Let us start the discussion of the microsolvation from the histidine HIP form. The selected metric parameters obtained as a result of the DFT simulations are presented in Table 2 and Table S2I. As is visible, the number of water molecules, and the inclusion of the polar environment due to the application of the continuum solvation model, influences the values of the metric parameters. The intramolecular hydrogen bond is not present when we introduced five and six water molecules into the vicinity of the ND-HD bond and NH₂ group. This critical number of water molecules corresponds well with the observation in [37] that six water molecules are necessary to stabilize the zwitterionic form. The study of Rai et al. [36] only includes up to two water molecules, but already significant polarization effects are visible in the histidine residue. The introduction of water molecules to the gas phase models shortened the ND…N1 interatomic distance. The intramolecular HD…N1 hydrogen bond was shortened when the number of water molecules was added to the model (one to four water molecules). Concerning the results of the simulations with the application of the PCM model, the intramolecular ND-HD…N1 interaction was not observed with five or six water molecules in the models. The ND…N1 interatomic distance and the HD…N1 hydrogen bond were both elongated.

The data in Table 2 reveal also some peculiarities in the network of hydrogen bonds connecting the protonated HIP residue with water molecules. A monovalent ion dissolved in water acts as a factor governing the orientation and location of the surrounding water shell. For cations, we expect that the water oxygen atoms are directed towards the cation, while the hydrogen atoms should face the dissolved anionic moiety. A simple (spherical) cation, such as Na⁺, would form contacts of similar lengths with diverse water molecules. The irregularly-shaped imidazole ring does not have to follow this line of reasoning, and indeed, the ND…O and NE…O distances differ quite significantly in the gas phase HIP-5 and HIP-6 complexes. This behavior changes sharply when the PCM model is used in addition to microsolvation—the two above-mentioned distances become quite similar.
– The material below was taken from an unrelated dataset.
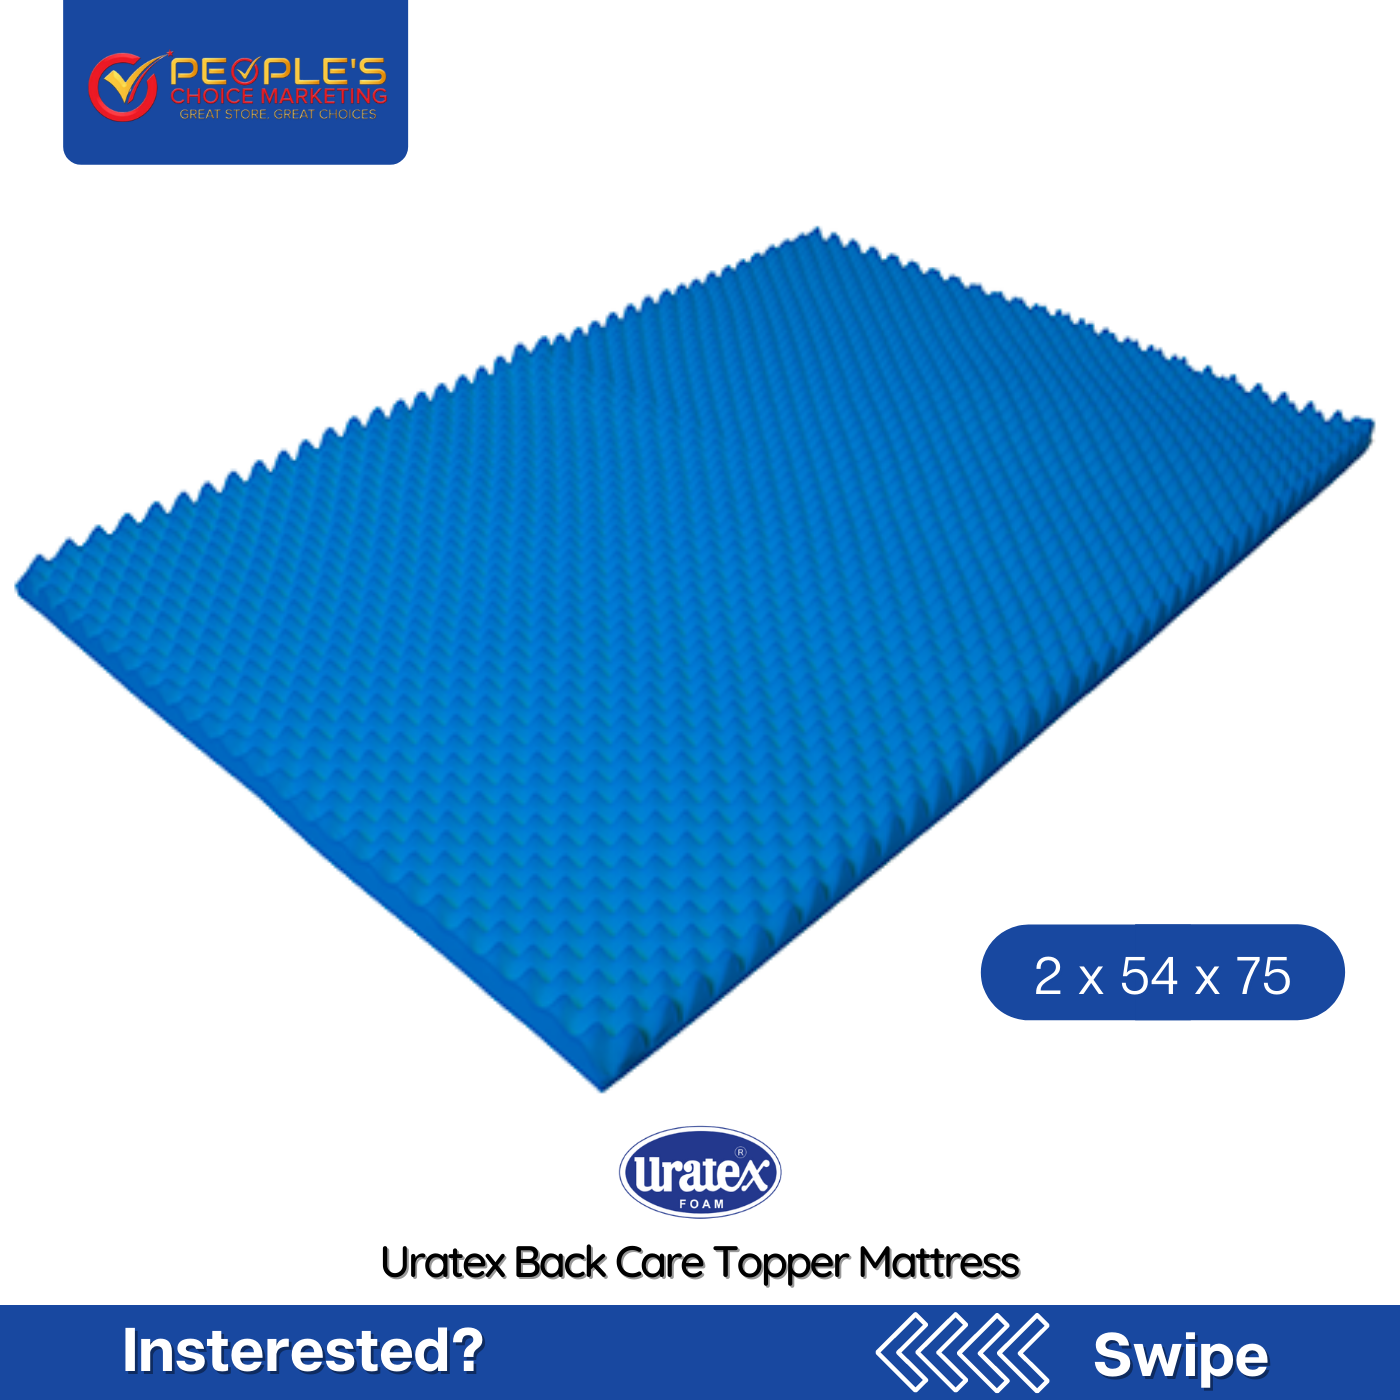 DMI Foam Mattress Topper, Egg Crate Foam Pad, Mattress Pad and Bed Topper  for Support, Air Circulation, Pressure Relief and Weight Distribution

This symmetrization of the microsolvation shell is connected with the symmetrization of the imidazole ring’s electronic properties, but it also signifies that even six water molecules is not enough to saturate the polarization of the HIP residue.

Table S3I summarizes selected metric parameters of the histidine HIE tautomer. As we could expect, there is a difference in the interatomic distances and angle values of the atoms involved in the intermolecular hydrogen bonds’ formation. The PCM’s implicit solvation influence is noticeable when comparing the gas phase and solvent reaction field simulations. For example, as is shown in the Table S3I, the O-H…O2 intermolecular hydrogen bond was noted in the gas phase simulations, but it was not present for the optimized model with the assistance of the PCM. A similar conclusion could be drawn for the histidine HID tautomer (Table S4I). Comparing the values of the metric parameters obtained after two-phase simulations with various numbers of water molecules, one can observe changes in the interatomic distances and the valence angle value. Moreover, as is shown in Tables S2I–S4I, some interactions (intermolecular hydrogen bonds) are present in the gas phase models, but they were not recognized after the geometry optimization with the PCM solvation model. This signifies that even six water molecules do not saturate the polarization of the histidine residue, and either more explicit water molecules or some form of implicit model (e.g., PCM) is required. Thus, our computational results and metric parameters analysis provided a deeper insight into the histidine residue–water molecules interactions.

3.2. Atoms-In-Molecules (AIM) Analysis

The analysis of the electron density via the framework of the AIM theory was performed in this study for several reasons. First, the topology of the electron density field reveals the presence of intra- and intermolecular interactions, especially hydrogen bonds. Second, the electron density flow can be evaluated by comparing the AIM net atomic charges in the gas phase and solvent reaction field (PCM model) simulations. Third, this also allows an estimation of the histidine charge transfer from or towards the solvent. These three issues will be discussed below.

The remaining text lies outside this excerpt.